From last week: Did you watch for private, difficult choices that came up for you which might involve good vs. evil? Did you seek God’s strength and advice? Did you make notes for your eyes only that depicted the situation, the choices you made and how you made them? What did you learn from this exercise?
FOR ADDITIONAL INSIGHT
From Pastor Adam Hamilton’s sermon of January 13, 2013:
Over the years, I’ve heard from perhaps ten people who had actually had physical experiences with demons—they saw, heard and sometimes smelled them. Are these hallucinations or delusions, or did they really happen? My thinking is that it is possible to be a faithful Christian and see the devil as metaphorical way of talking about the temptations and evil and even the lies that deflate and defeat us. But I’m inclined to say, based upon scripture and the experiences of others, that there is a devil and demons who tempt, tests and seek to lure us from the path.
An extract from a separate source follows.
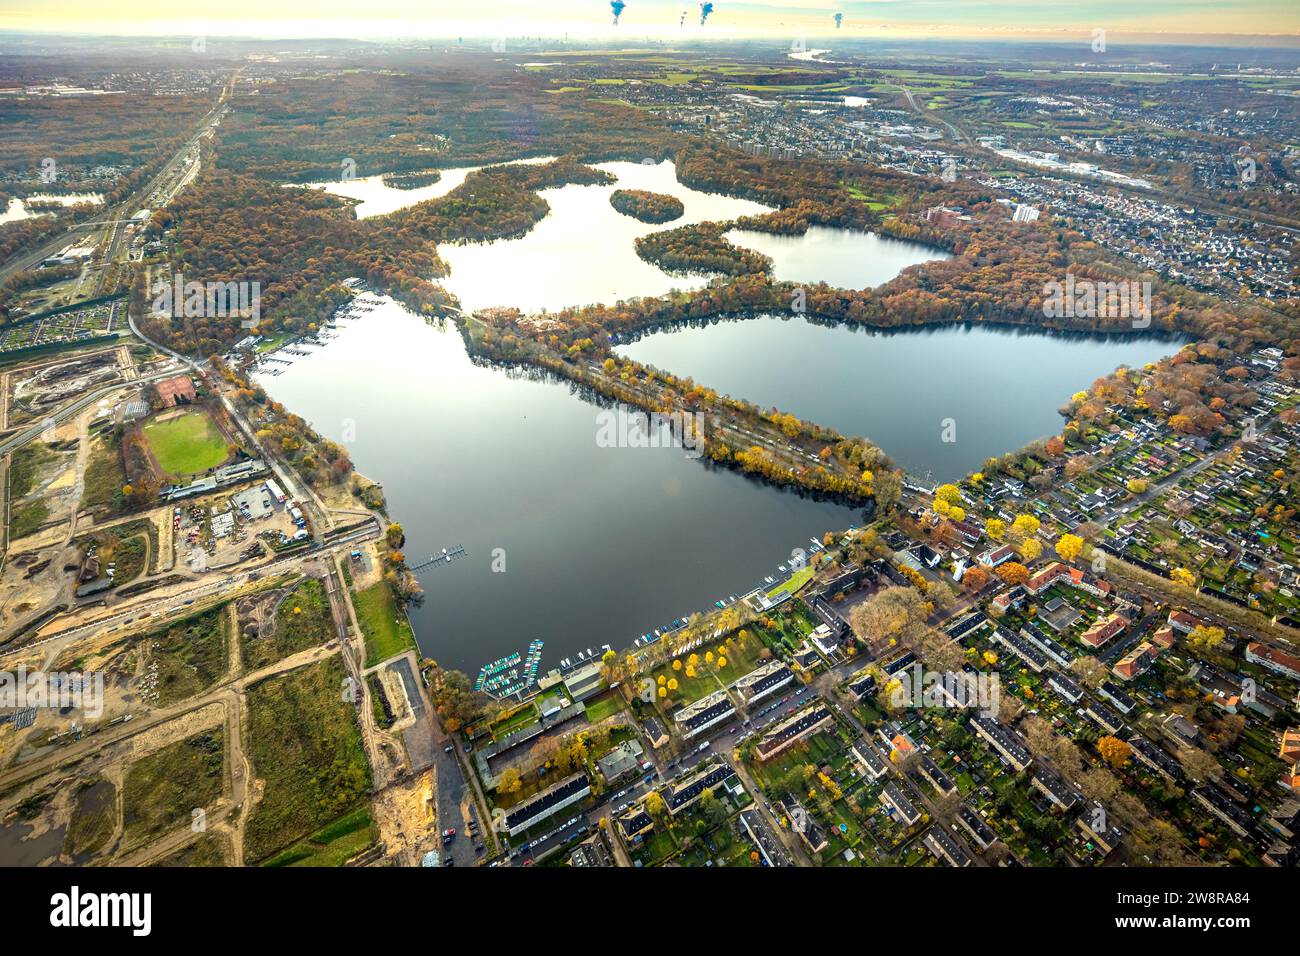 Luftaufnahme, Sechs-Seen-Platte, Naherholungsgebiet, Fernsicht mit rauchenden Kühltürmen, umgeben von herbstlichen Laubbäumen, Wedau, Duisburg, Ru Stockfoto

The reality for me is that either way, my experience of temptation and evil and my response to it is the same.
We’ve defined the idea that we’re meant to walk in a path that represents God’s will. The devil, however you define him, seeks to obstruct us from that path and lure us away. How does he do that and how much power does he have?
Back when I was a kid there was a television program on in the early 1970’s, called the Flip Wilson show. Wilson was a comedian who played a number of characters on his show. He used to dress as a woman and, when he did, he called himself Geraldine. Geraldine was always claiming, “The devil made me do it.” But the fact that this was a humorous skit pointed to a fact even nominally religious people understand: the devil DOESN’T make us do anything. That is above his pay grade. He is not given that power. He has the power of suggestion. We have the power of decision.
In our passage of scripture from Ephesians, Paul speaks of standing “against the wiles of the devil.” Ever wonder what a wile is? I had to look it up this week—it’s “a trick—a deceit, a cunning strategy intended to ensnare.”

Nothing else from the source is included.